To Richard Ford: I Named a Campsite ‘Montana’
I’ve known about Richard Ford’s soft spot for Canada for a long time. Years ago, when I heard him read at the International Festival of Authors, he followed two Canadian writers (Joseph Boyden and another whose name I can’t remember). As the only non-Canuck in the bunch, Ford had the host mention in the introduction that the Mississippi-born author wasn’t Canadian…yet.
And then there are the mostly flattering words by Frank Bascombe, the main character of Ford’s 1995 novel Independence Day:
The Canadians are now bustling into the lobby, elbowing each other and yucking it up like hockey fans—men and women alike. They are big, healthy, happy, well-adjusted white people who aren’t about to miss any meals or get dressed up for no good reason. They break off into pairs and threes, guys and gals, and go yodeling off through the metal double doors to the rest rooms. (The best all-around Americans, in my view, are Canadians. I, in fact, should think of moving there, since it has all the good qualities of the states and almost none of the bad, plus cradle-to-grave health care and a faction of the murders we generate. An attractive retirement waits just beyond the forty-ninth parallel.)

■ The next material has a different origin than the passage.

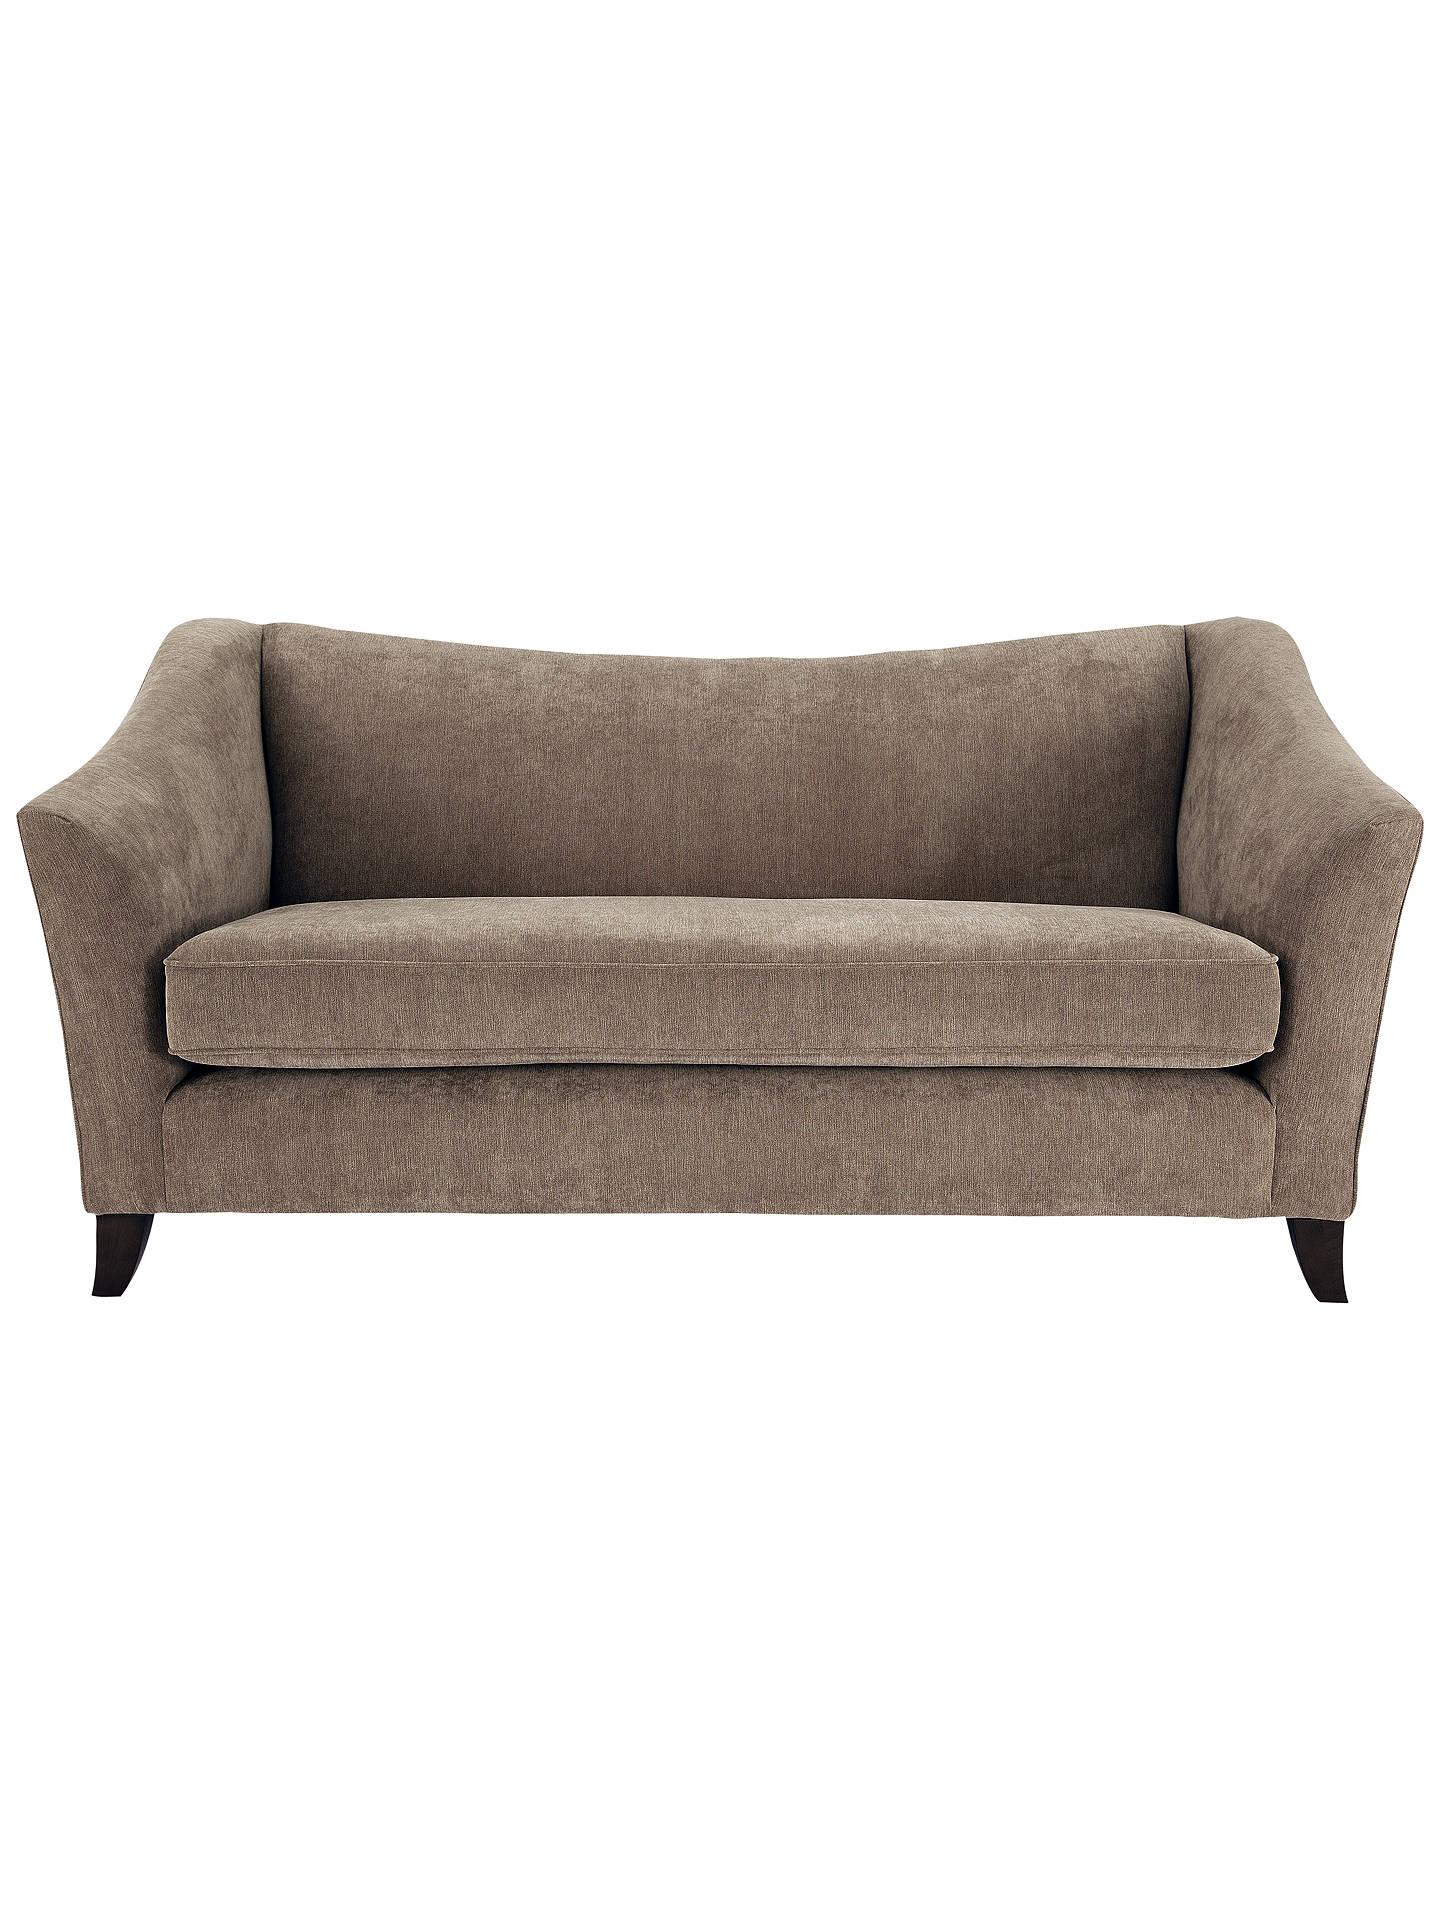 John Lewis Lucca Grand Sofa Grace

So, even before I read Ford’s explanation for naming his most recent novel Canada, I wasn’t surprised by the title. But I was keen on another bit of silly geographical serendipity involving me and the novel. Before the main character, Dell Parsons, is taken to Saskatchewan, he calls Great Falls, Montana his home. On a canoe trip in 2009, I named a campsite Montana.
My reasons for naming a plot you can only get to by canoe after a northern U.S. state are similar, but slightly less high-minded, than Ford’s use of our country’s name. Like Ford, the sound of the word resonates with me. (“‘Canada’ was such an attractive word to me,” Ford writes. “It had always possessed its own pleasing sonority.”) “Montana’s” sonority came to me via Frank Zappa. His eponymous song is a freaky idyll of dental hygiene and agriculture. Within the Zappa zaniness is a chorus with a languid “Movin’ to Montana soon.” “Montana” is a word you can draw out to evoke wide vistas and total chill. No big-city franticness in Montana. No sir.
The Montana campsite is on a point on Archer Bay, in Ragged Lake, Algonquin Park. Martha and I stayed there on the last night of our canoe trip at the end of that June. It was a trip with nice weather, no mishaps, but serious bugs. We didn’t linger on any of the portages and, once the sun went down in the evenings, we found respite in our tent from mosquitoes, which seemed particularly bad that year. The Ragged Lake site was high on that point of land, so it was breezy and the spaced-out pines didn’t offer the bugs any shelter from the wind. Martha put up her hammock. The site was just so chill and it reminded me of the only other connection I have with Montana: a picture I saw in some outdoor magazine, something such as explore or Outside.
The photo showed a state or national park. There were mountains in the background, which, yes, Ontario doesn’t have. But the forest was made up of evergreens that weren’t too dense. The forest looked easy to walk around in. Now, don’t get me wrong: Algonquin Park’s forests, Canadian Shield forests, are my forests. They are the ones I’d pick first out of nostalgia and loyalty. But Canadian Shield forests are hard to move around in. They are thick and dense and tend to scratch you. You can only move easily within them in winter on a pair of skis or snowshoes. But those Montana forests look easy: just the right amount of vegetation on the forest floor; trees never too close to one another. And while insects, like bad breath, tend not so show up very well in panoramic shots, you could just tell from that picture that there were no mosquitoes in Montana.
As I mentioned, my campsite christening isn’t as lofty as Ford’s novel naming. “Canada” is a point for the novelist from which he hoped to “find apt language for those complex, important feelings for which I otherwise didn’t have more than a conventional, simplistic, largely inherited vocabulary.” For me, “Montana” is a quirky way to buzz around my inherited vocabulary. Nothing I can hang a novel on, just a blog post.